| Information provided |

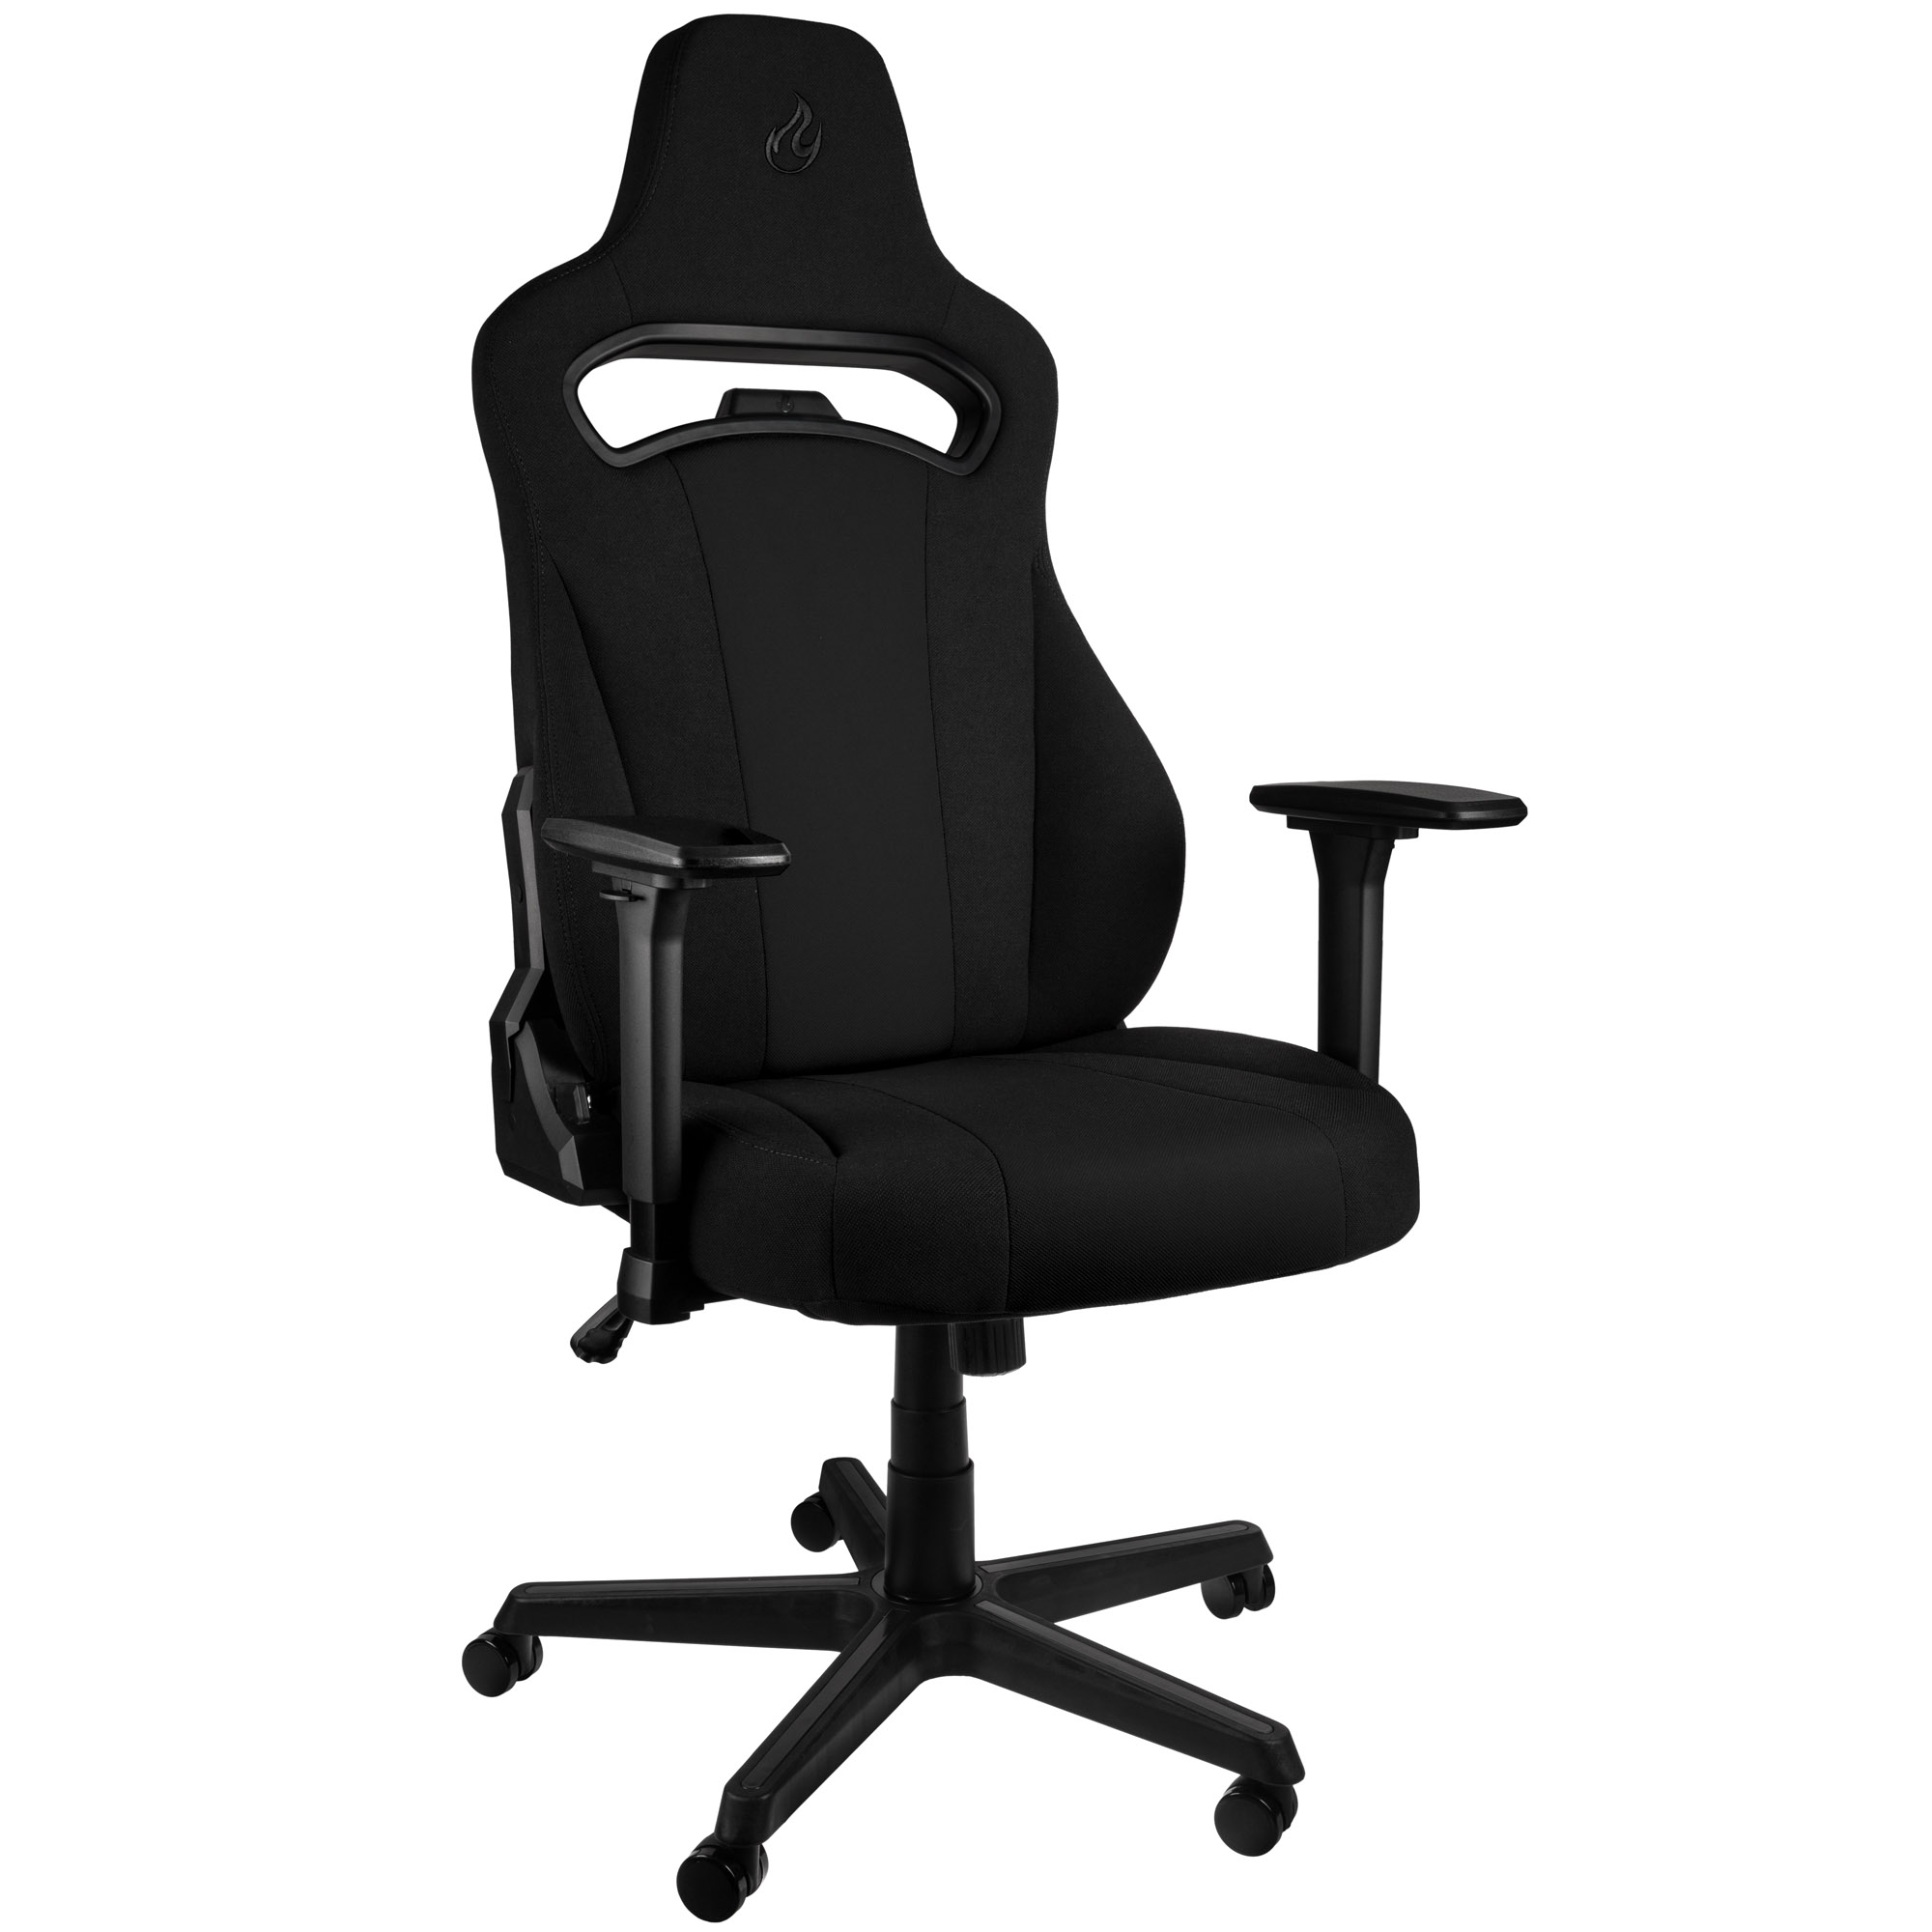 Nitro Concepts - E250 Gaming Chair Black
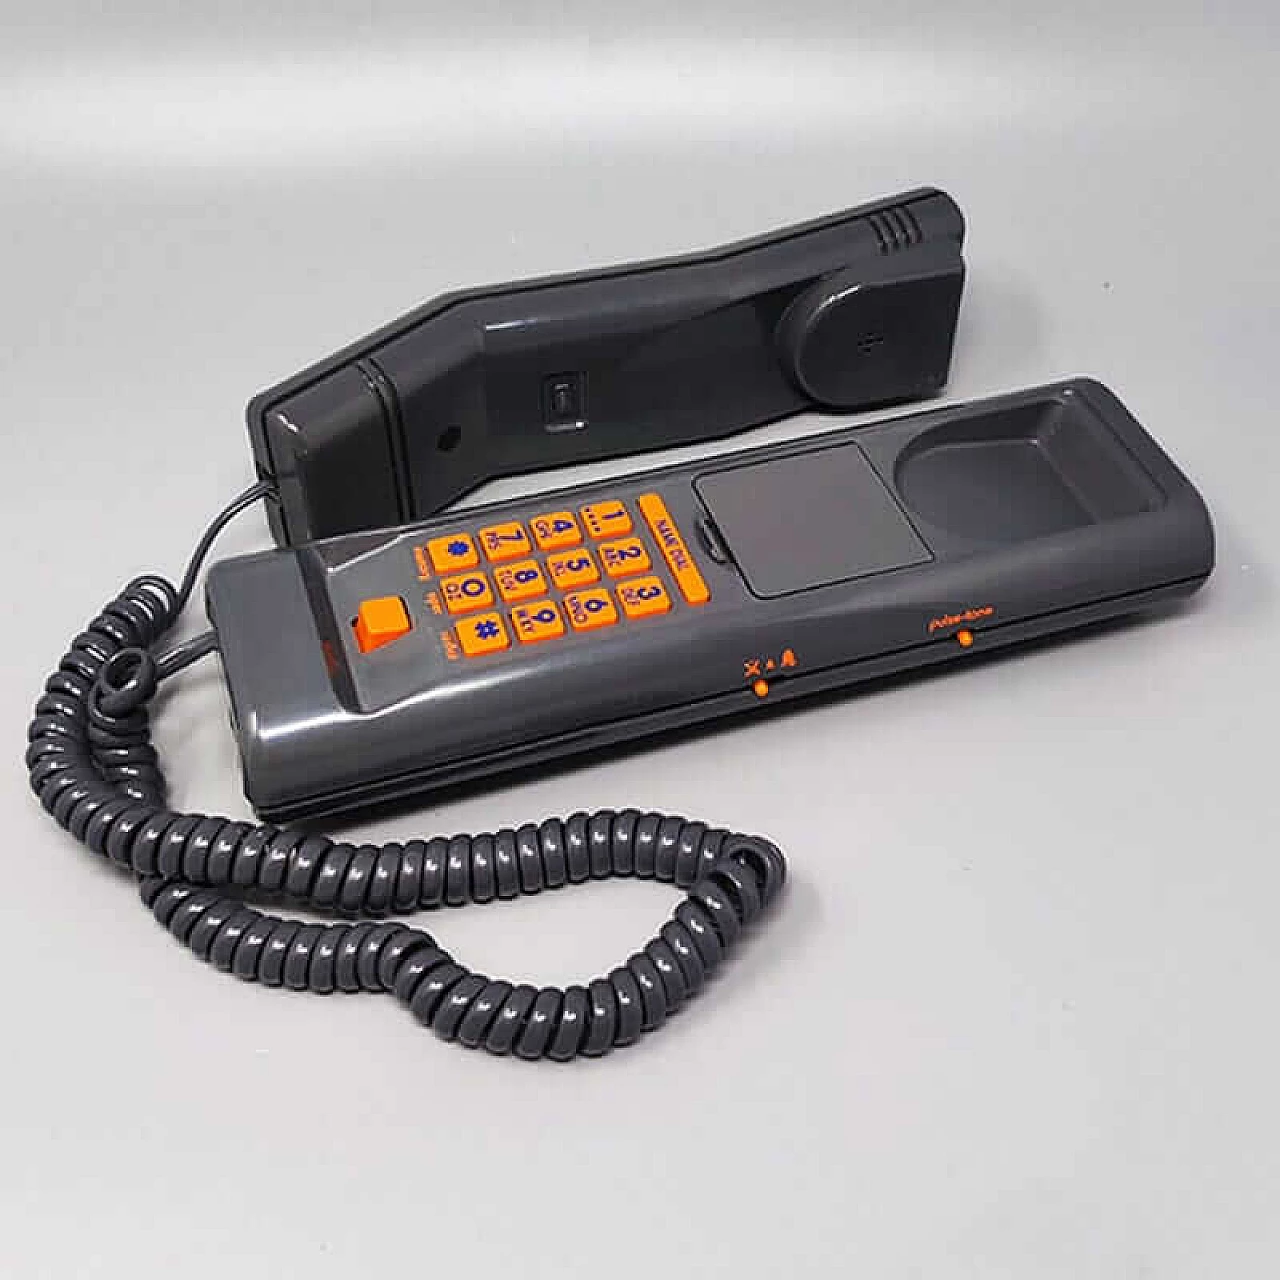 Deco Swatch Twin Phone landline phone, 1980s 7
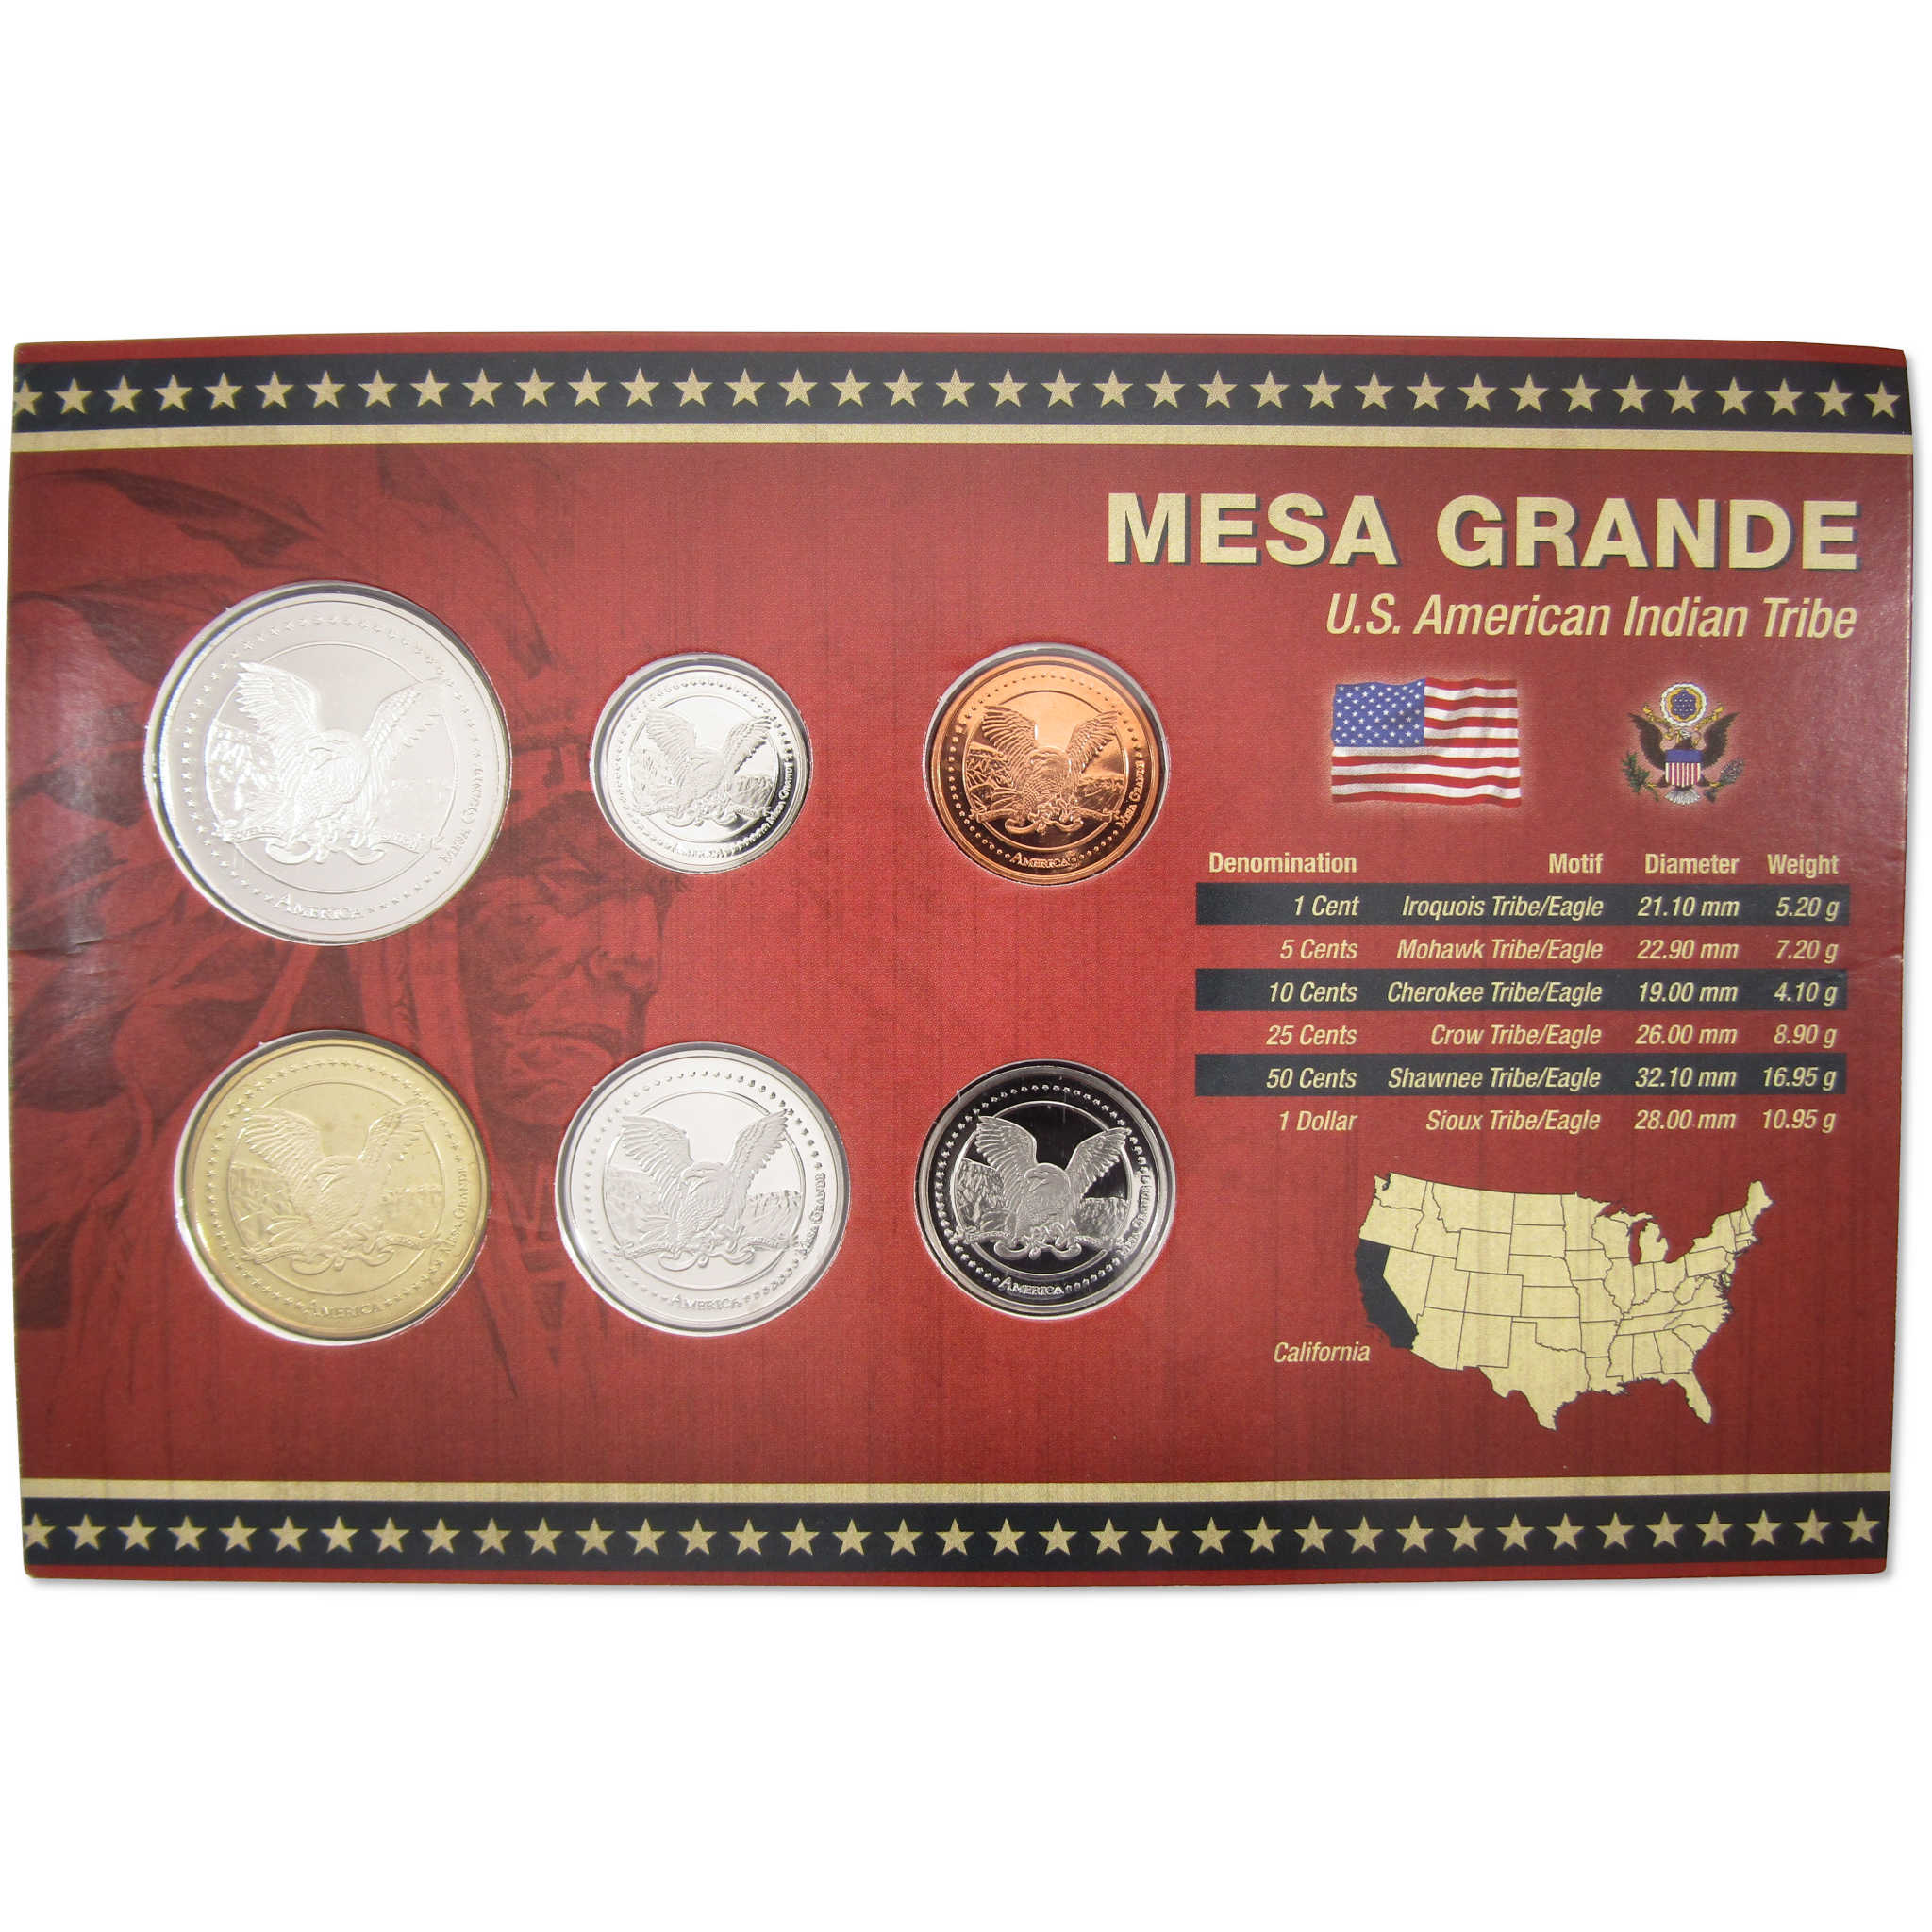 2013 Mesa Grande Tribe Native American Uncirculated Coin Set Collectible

| Your instructions |
All of the lines above should be copied exactly, apart from the pictures.

| Answer space |
 Nitro Concepts - E250 Gaming Chair Black
 Deco Swatch Twin Phone landline phone, 1980s 7
 2013 Mesa Grande Tribe Native American Uncirculated Coin Set Collectible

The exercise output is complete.